Besides, how was I supposed to learn?
How did my classmates learn? I have an enormous fear
of looking spastic and having someone make fun of me. Based on the look
on Leslie's face, I was certain any girl would break out in
a fit of laughter at my clumsiness. Furthermore, even if
I could dance a little, where was I going to get the courage to ask
some girl to join me on the floor? After the acne, I stopped
speaking to the girls in my class and they stopped speaking to me. How was I going to approach
some girl and ask her to dance when I had no idea what I was doing?"
"If you ask a girl
to dance, you can make friends that way."
"I'm sorry, but the idea of
making friends with a girl
using something I was totally inept at was bad strategy. Girls respond to ability, not incompetence."
David nodded and said he
understood. The conversation stopped there.
Left to my own thoughts, my mind drifted back to those parties.
Going to the school dances had been sheer torture.

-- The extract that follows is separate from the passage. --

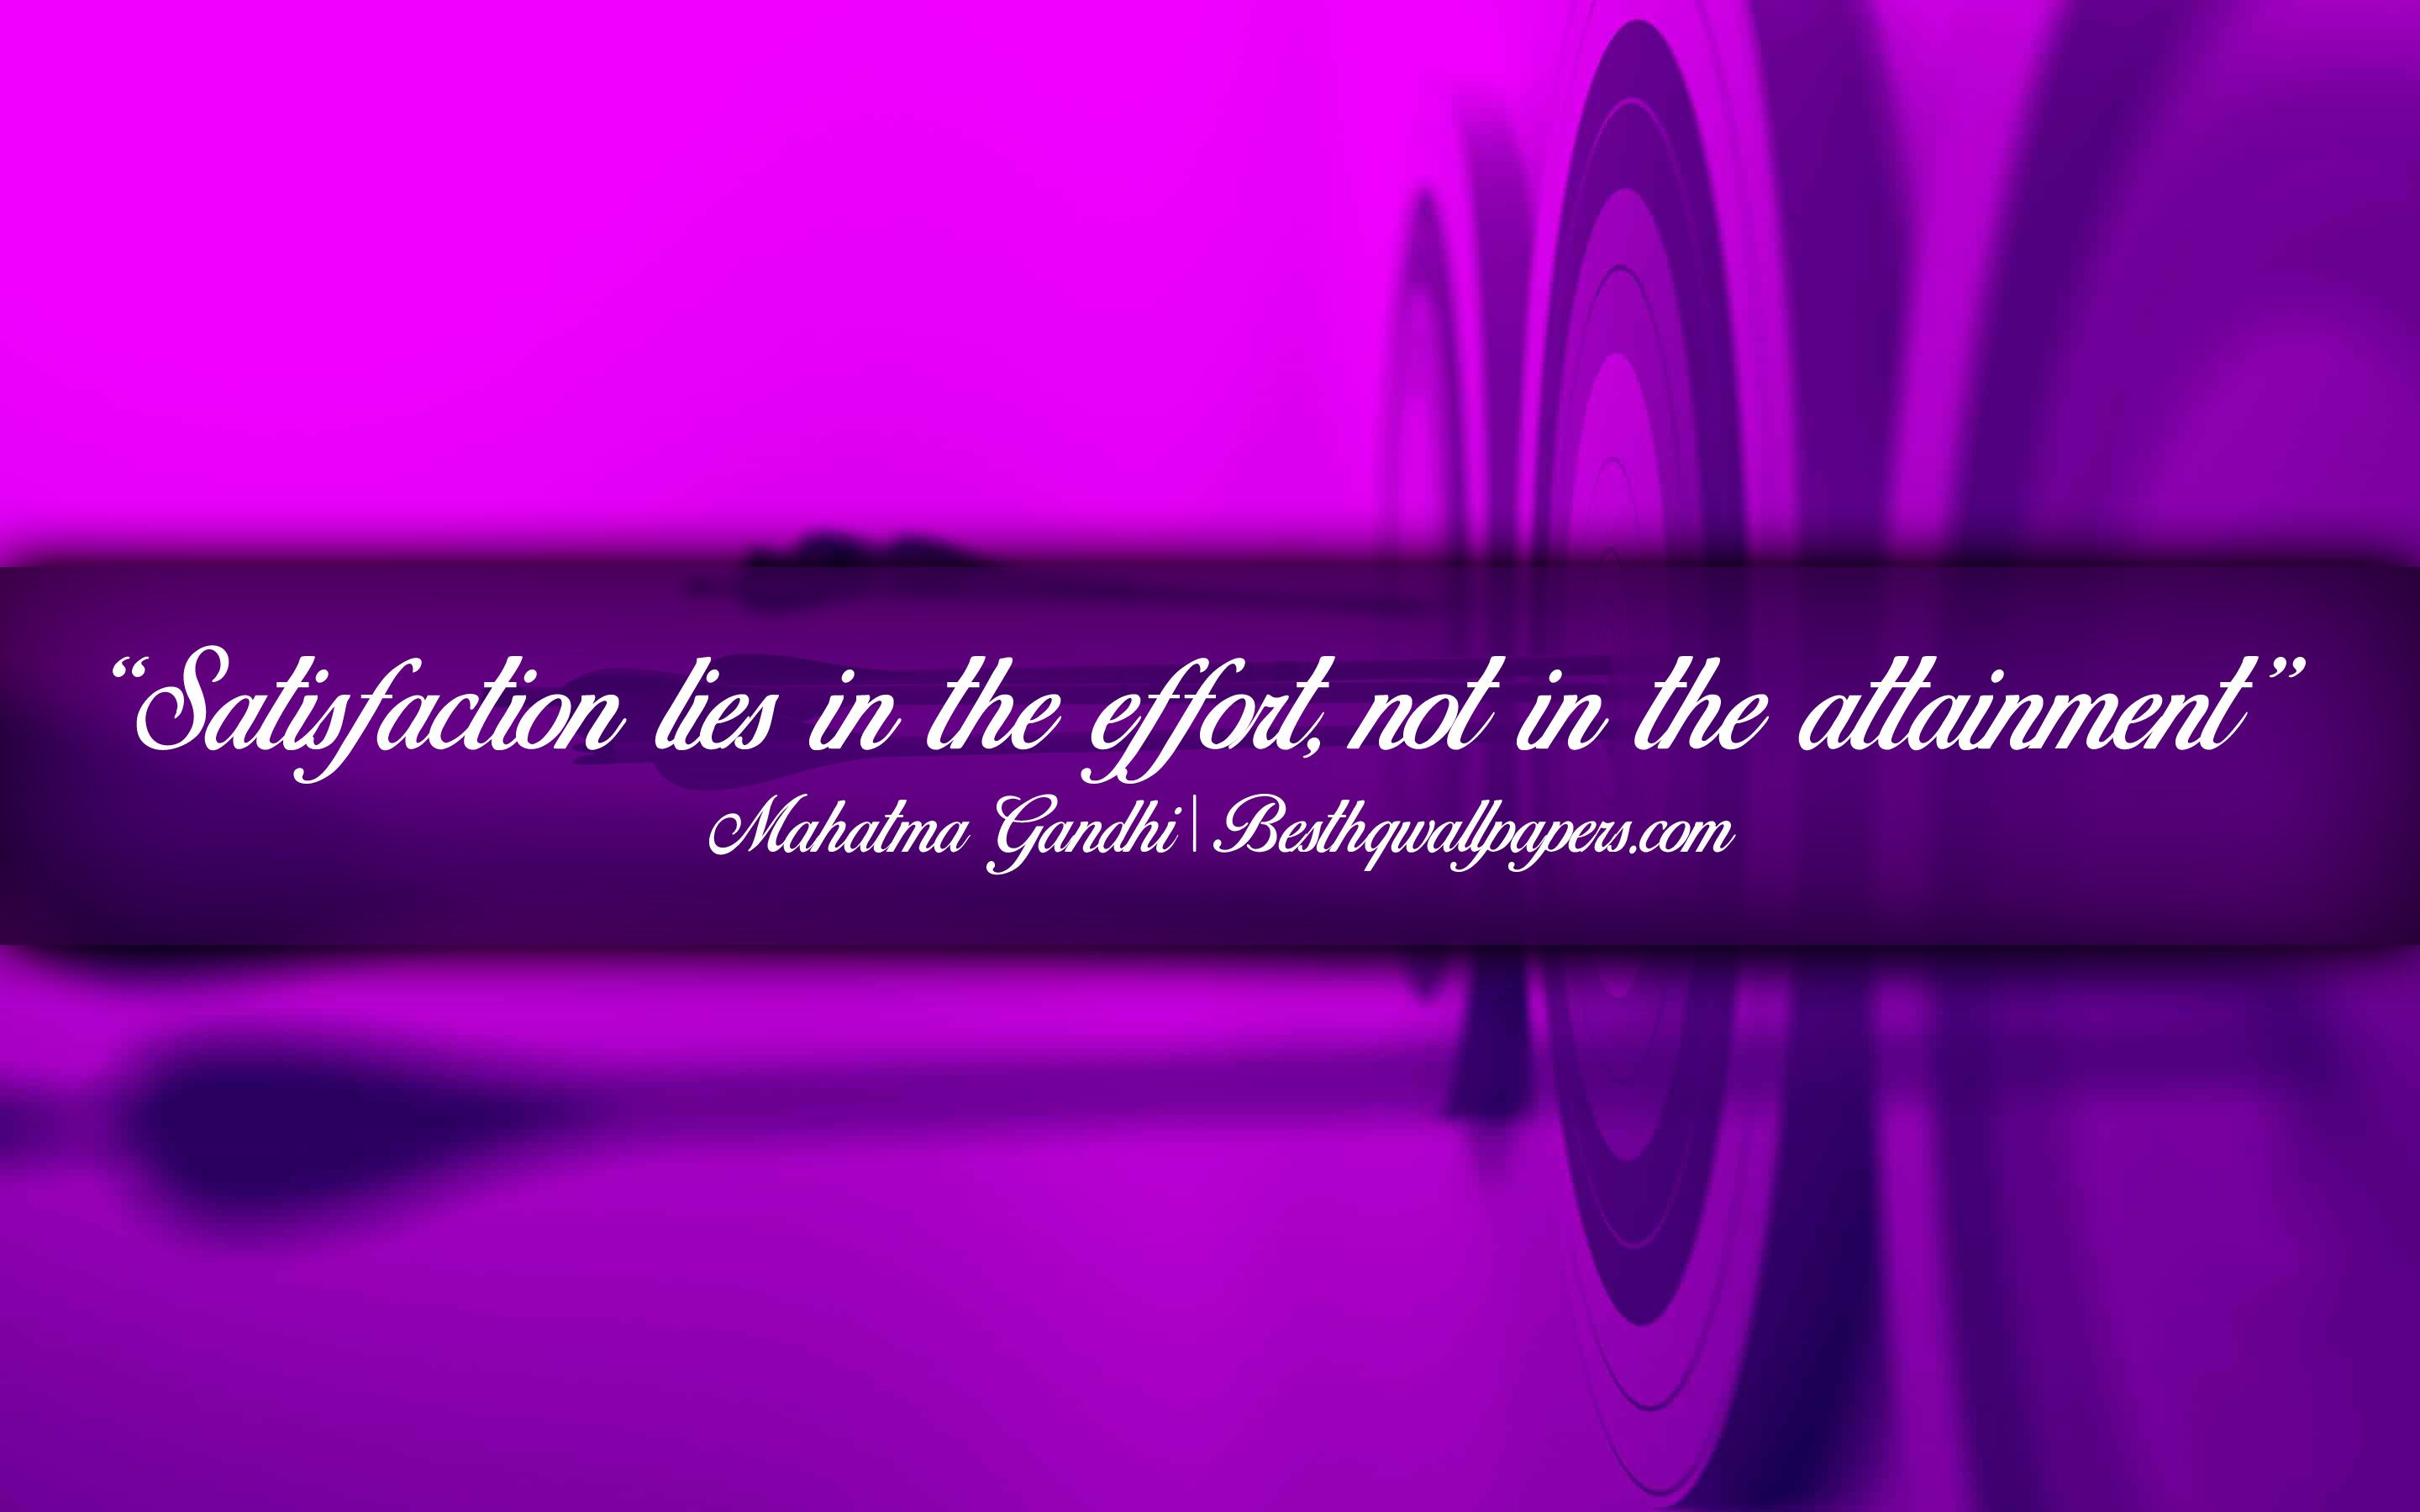 Download wallpaper Satisfaction lies in the effort Not in the attainment, Mahatma Gandhi, calligraphic text, quotes about satisfaction, Mahatma Gandhi quotes, inspiration, artwork background for desktop with resolution 2880x1800. High Quality HD

When the music came on, I wanted
so much to get out there and dance. Rolling
Stones, Beach
Boys, Beatles, Motown. What great dance music! I
hated myself the most when I saw my classmates
enjoying themselves on the dance floor. I
was so envious. As I watched them dance, their laughter and
smiles made it clear I was missing out on something special.
However, bad dancers are
not sexy. Plagued with fear, I stayed
hidden in the darkness while I chewed myself out for cowardice.
I let out a big
sigh. I felt so much regret. Dating, dancing,
basketball.
Now that high school was over,
those chances were gone forever. I was upset to have wasted
what should have been four exciting years of discovery. It killed me to know
I would never have this chance again.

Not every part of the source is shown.